Directions for this task:
Word for word, write the lines below out again, with no pictures.
-------- Information provided --------
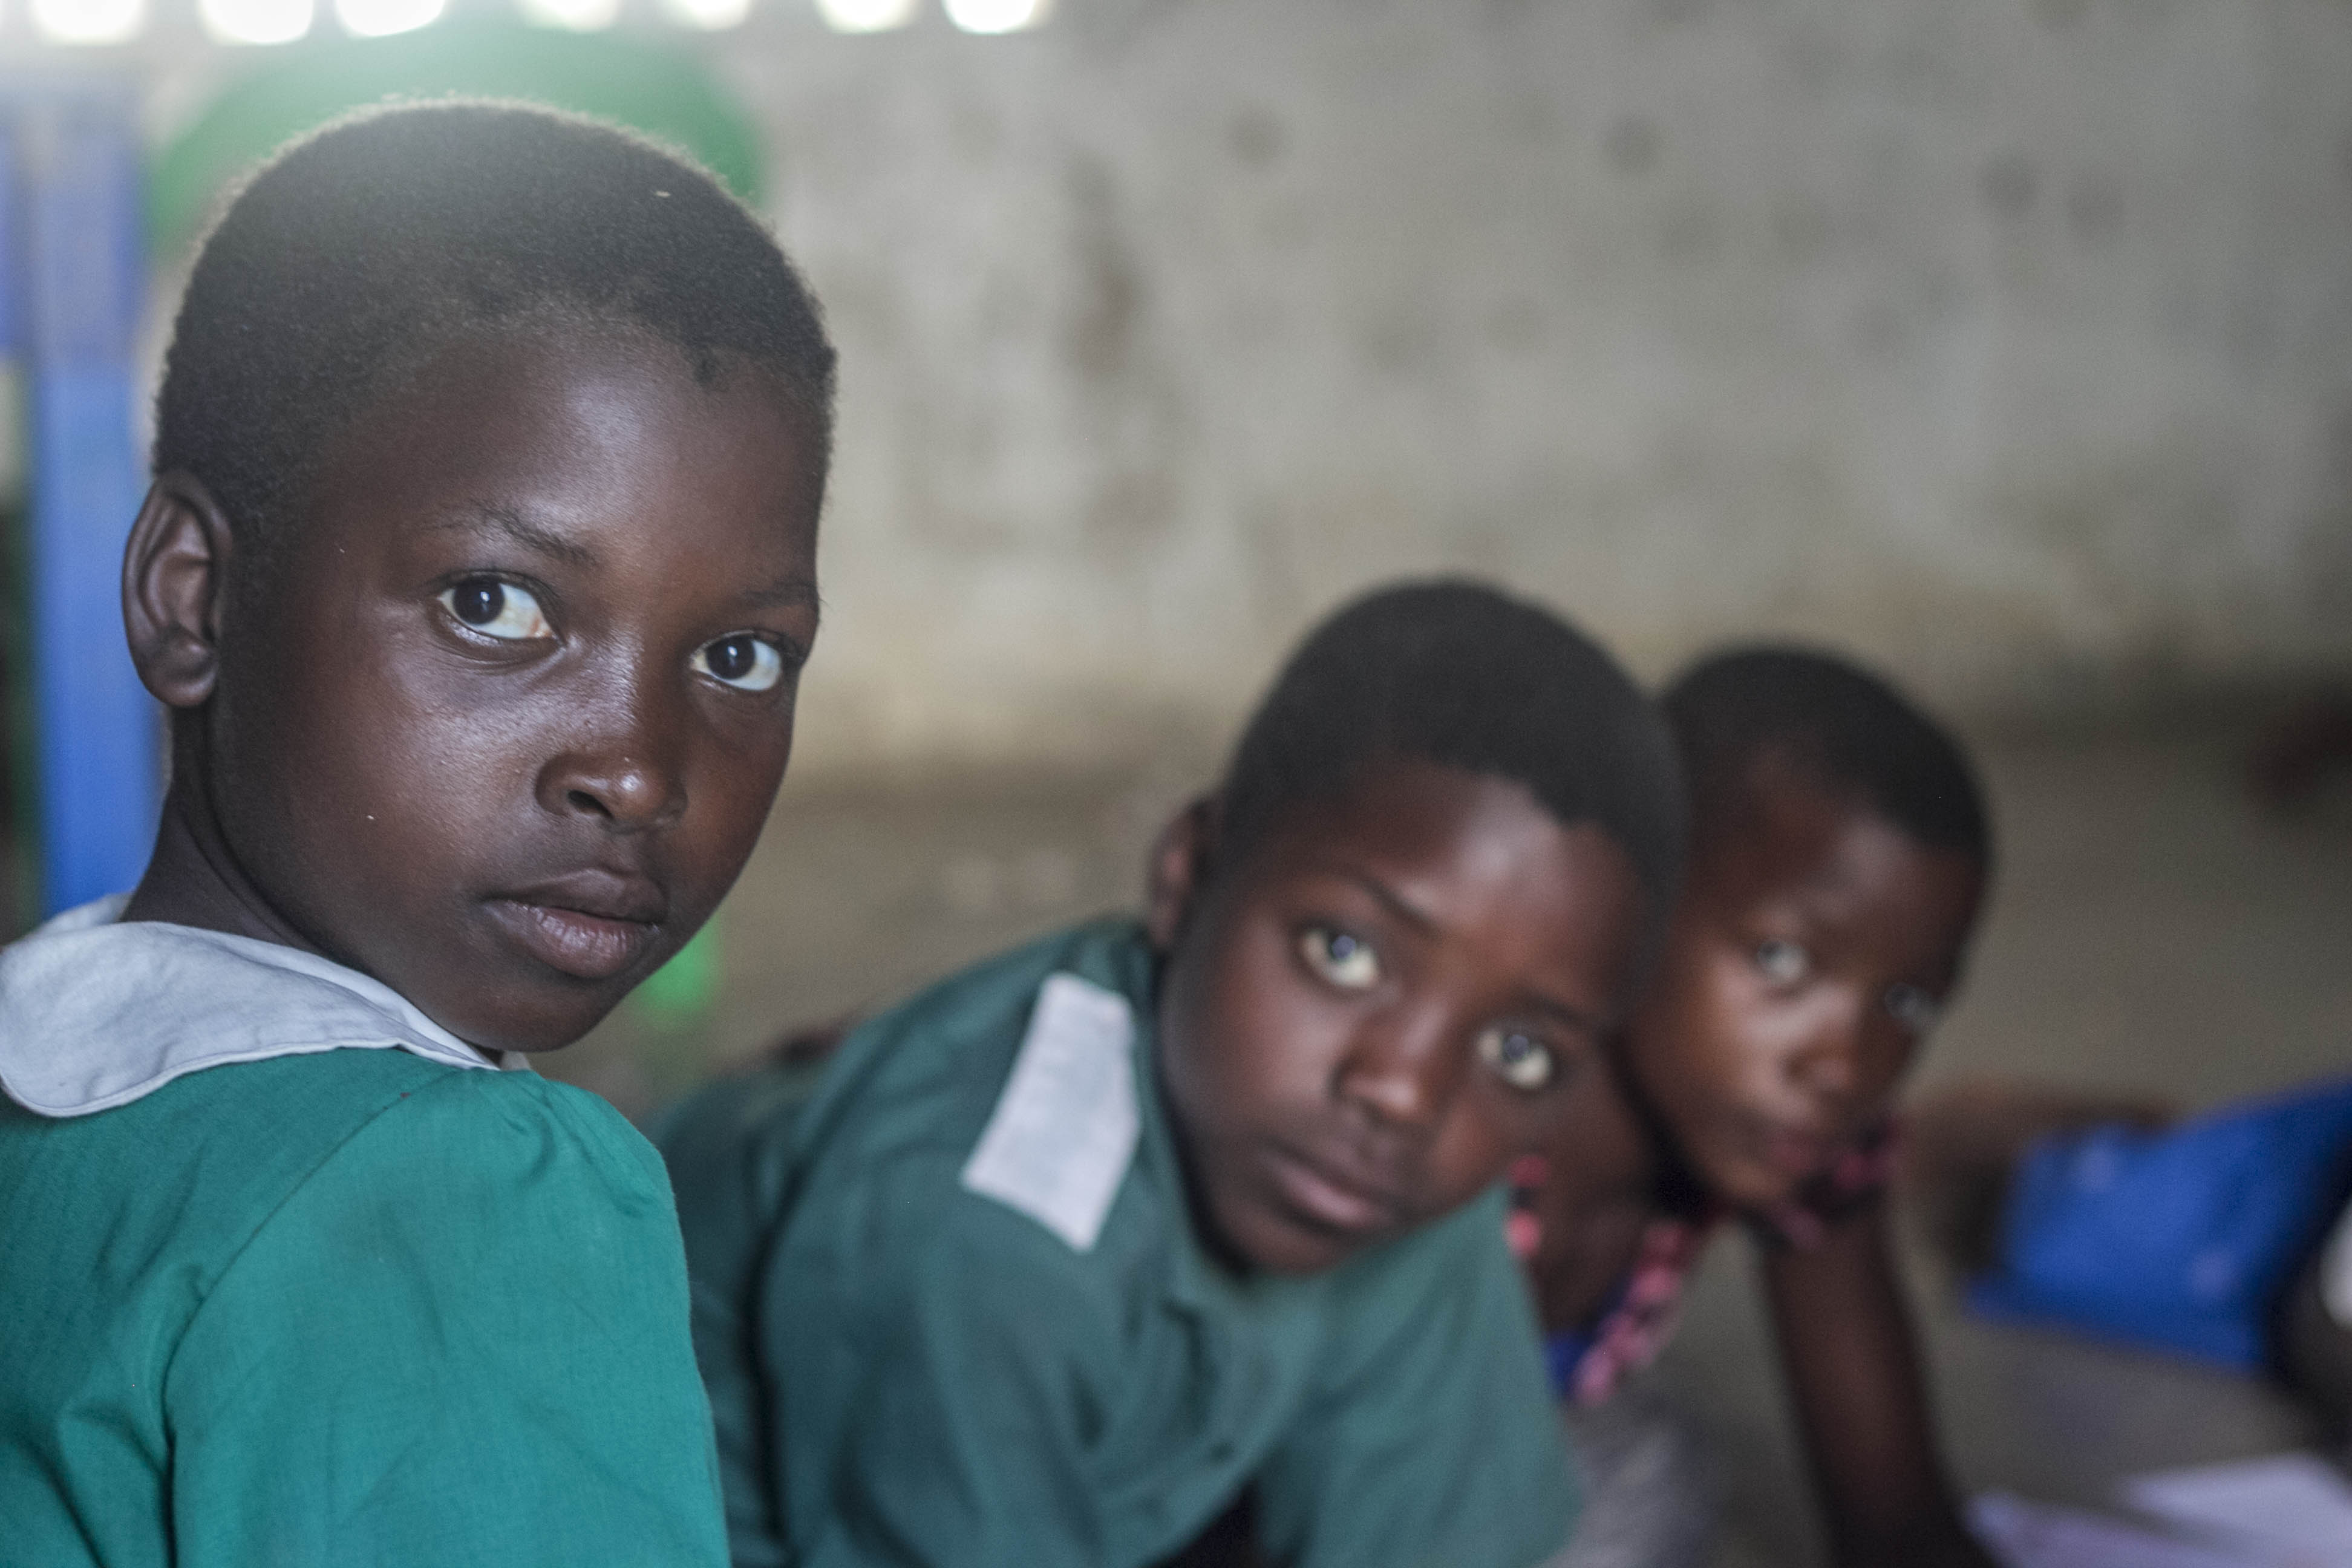 The attendance rate of female students decreases dramatically after Standard 4. Most often issues concerning menstruation, long distances to school, marriages, pregnancies & household duties stop girls from attending school. Only about 14% of rural girls manage the transition to secondary school.
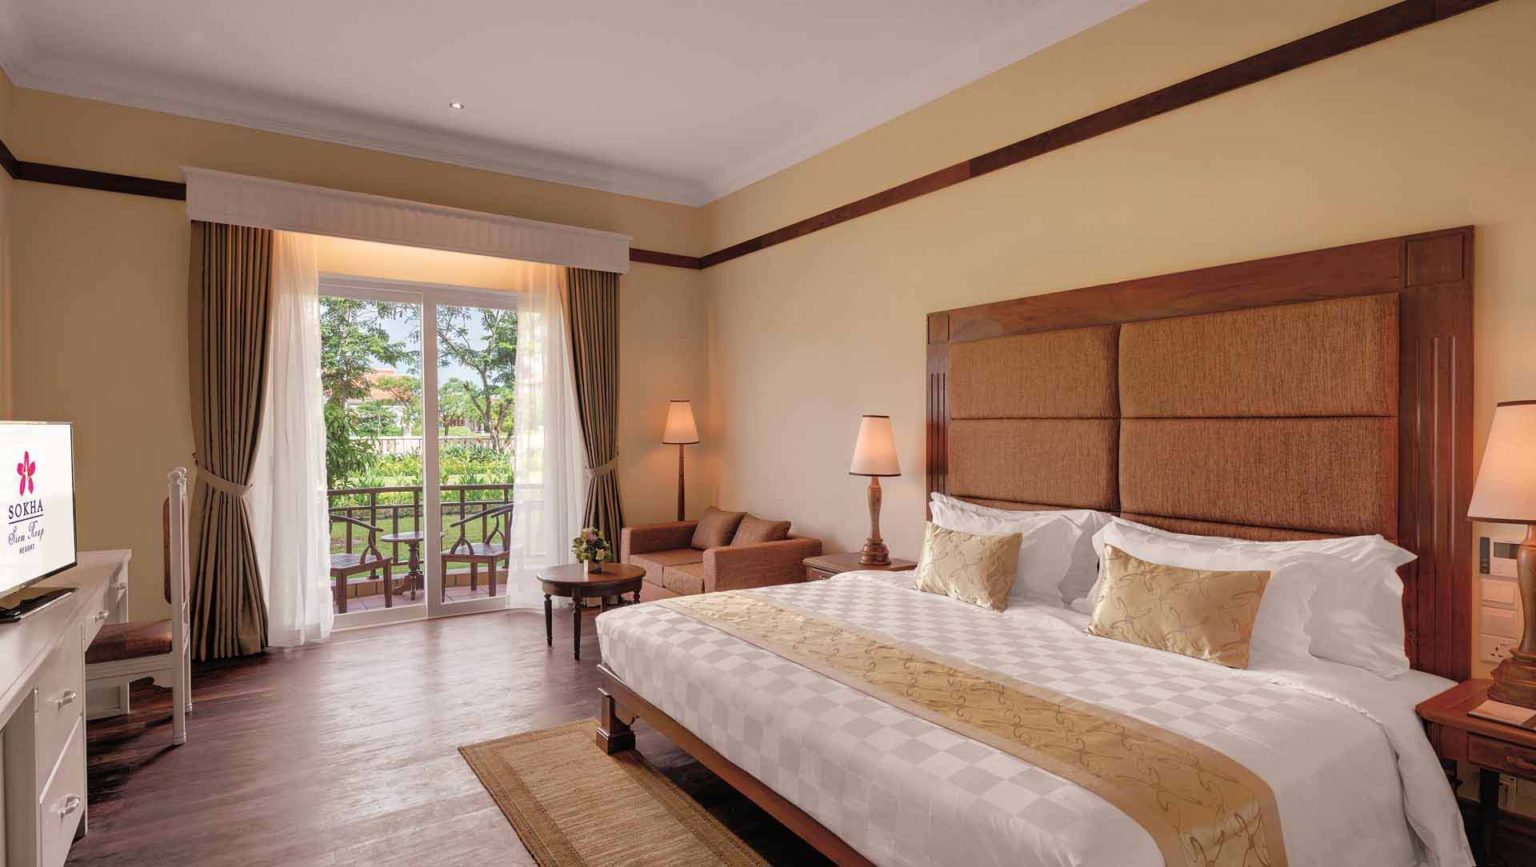 Deluxe king bed room with garden view at the Sokha Siem Reap Resort
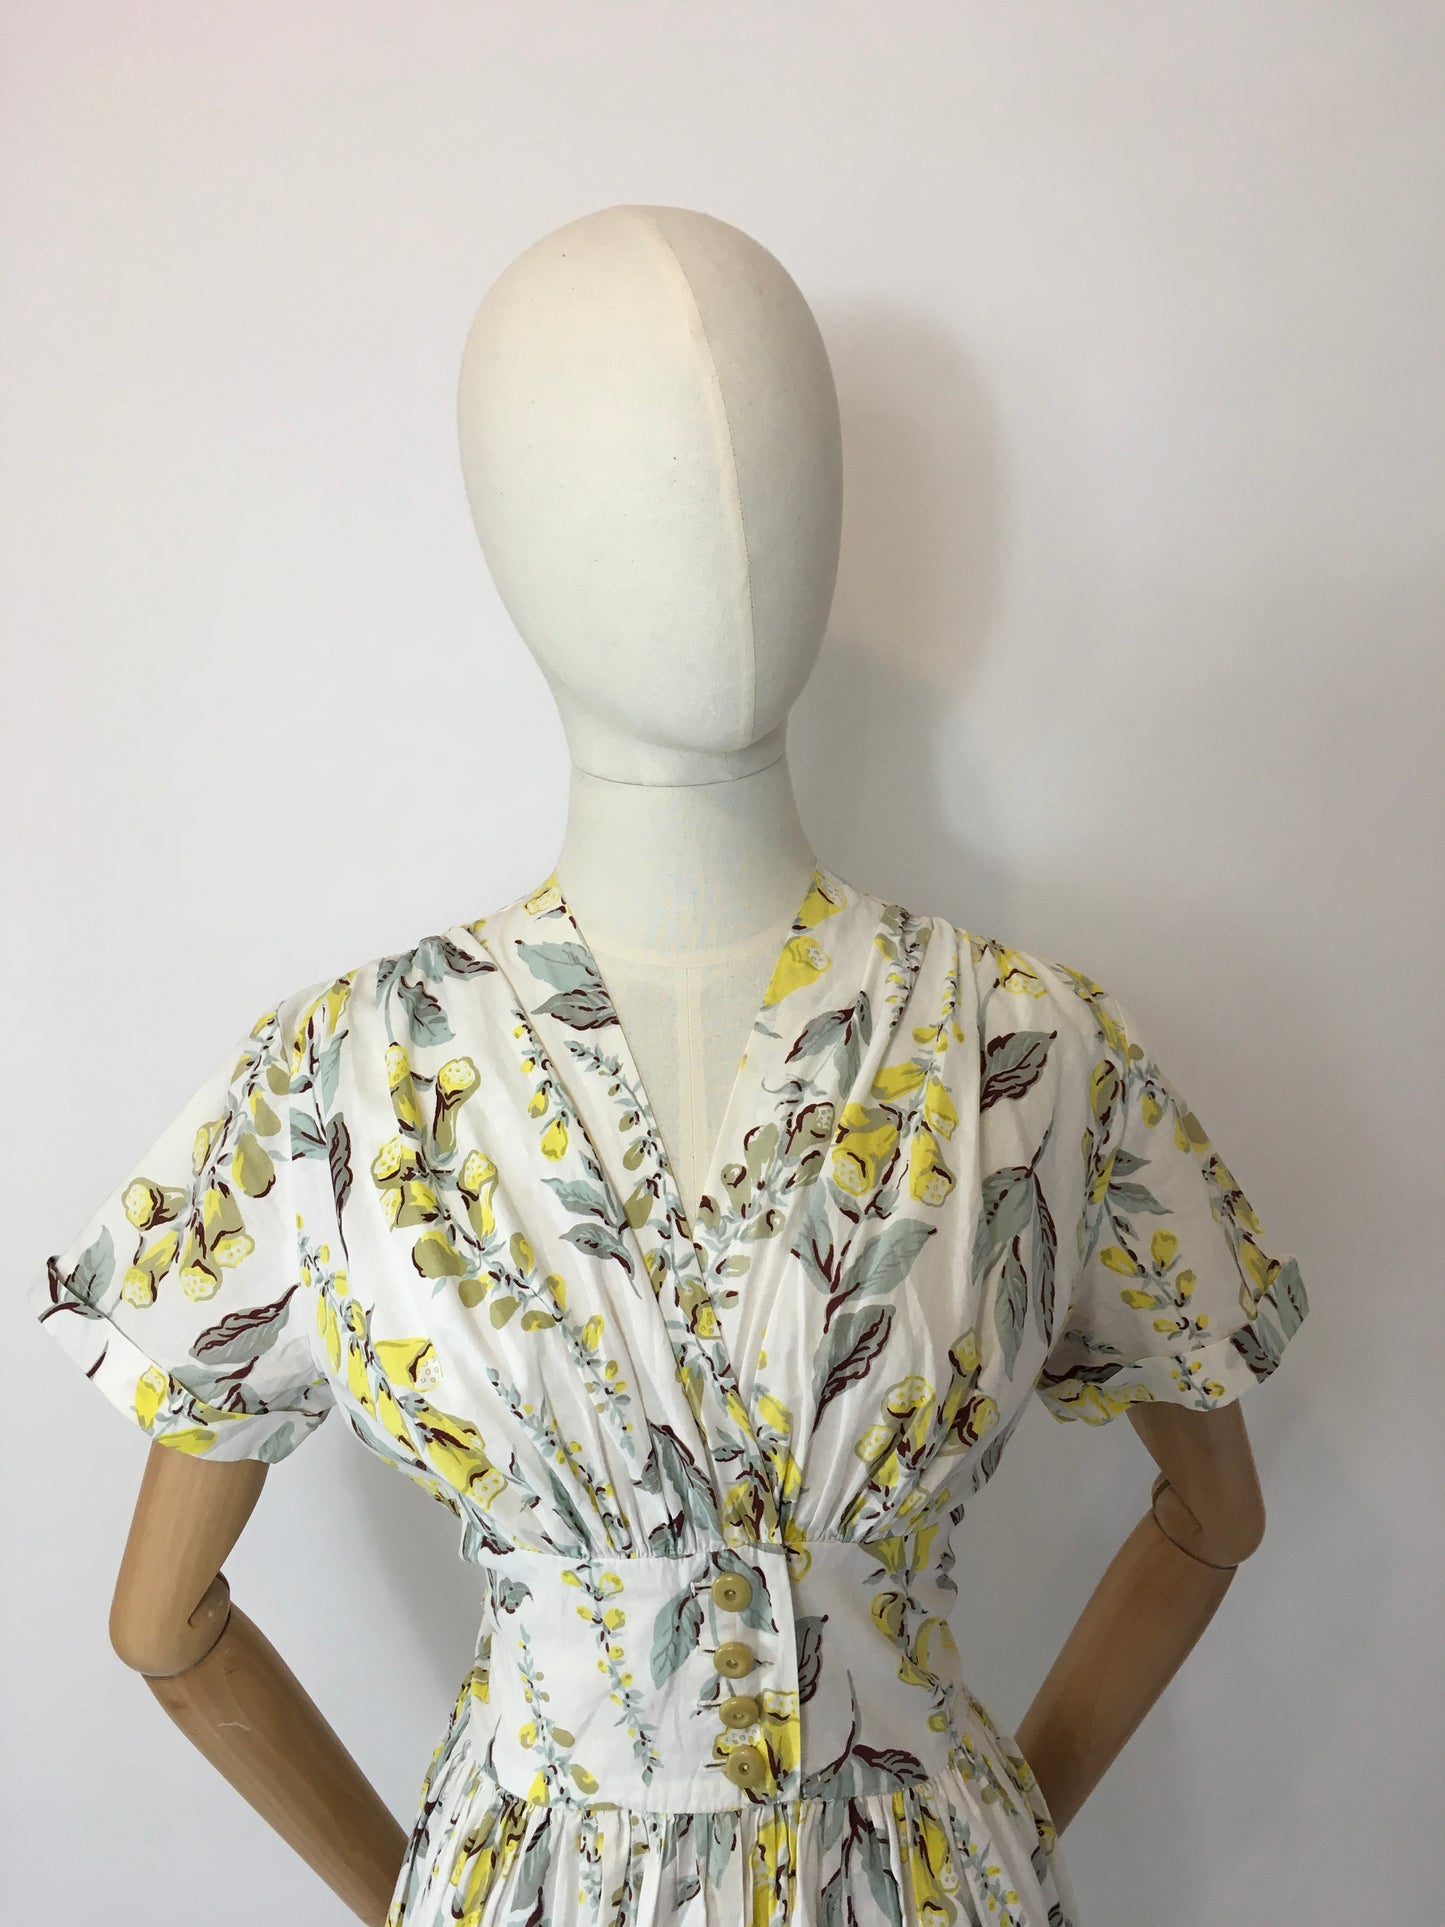 Original 1950s Floral Day Dress - In the Most Beautiful Colour Palette of Buttery Yellows and Mint Greens
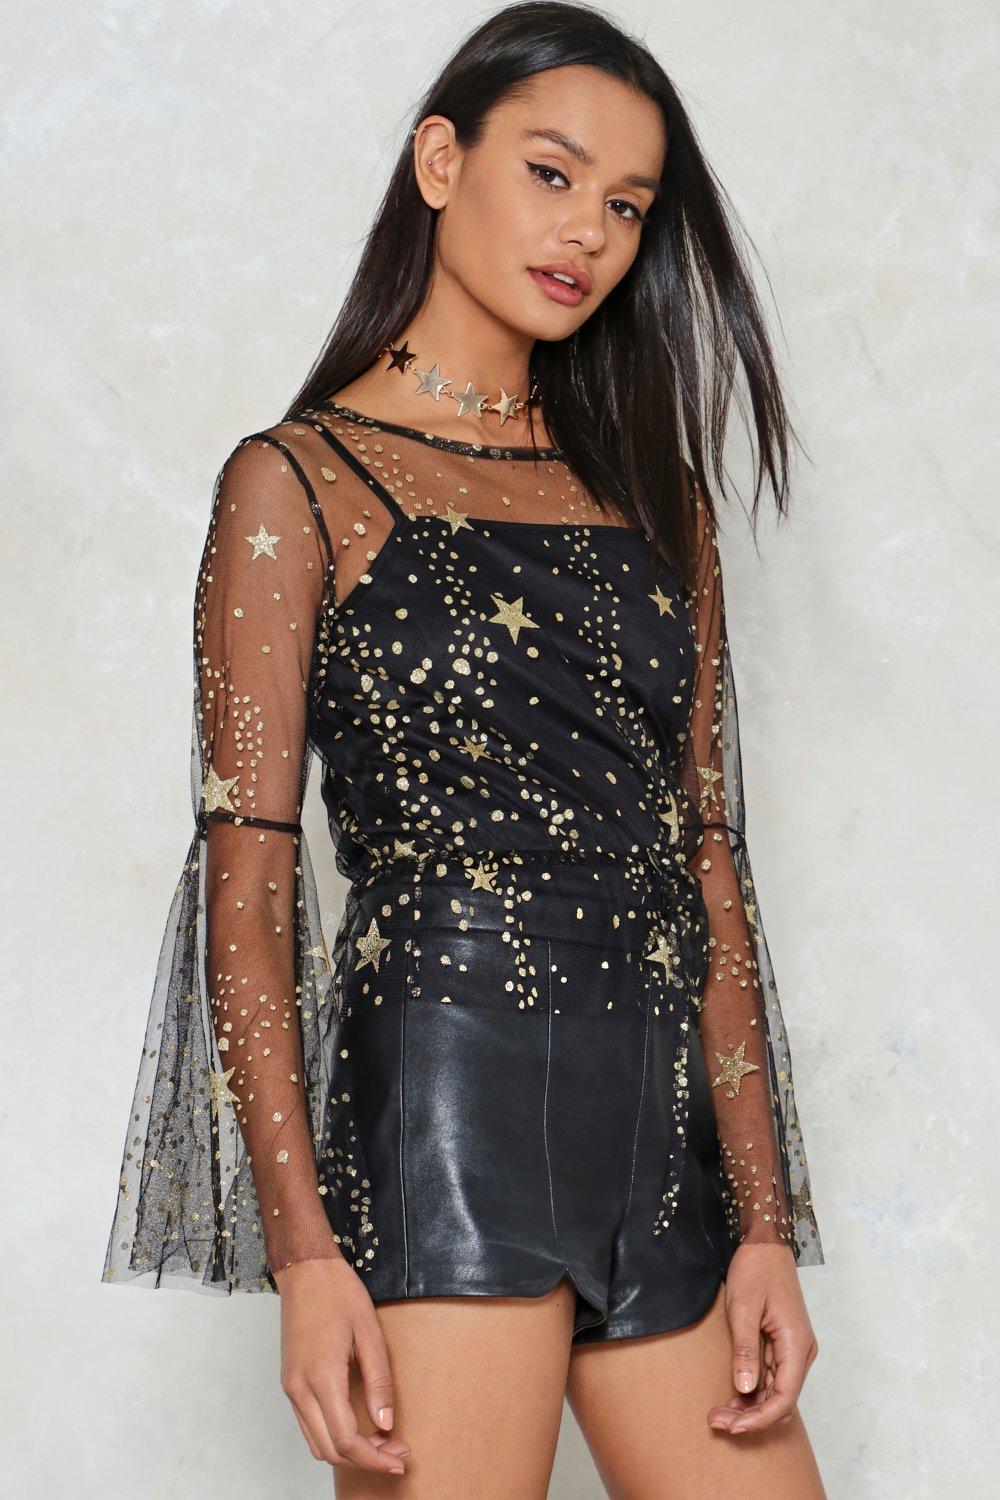 sheer top with stars
--------
Written reply:
 The attendance rate of female students decreases dramatically after Standard 4. Most often issues concerning menstruation, long distances to school, marriages, pregnancies & household duties stop girls from attending school. Only about 14% of rural girls manage the transition to secondary school.
 Deluxe king bed room with garden view at the Sokha Siem Reap Resort
 Original 1950s Floral Day Dress - In the Most Beautiful Colour Palette of Buttery Yellows and Mint Greens
 sheer top with stars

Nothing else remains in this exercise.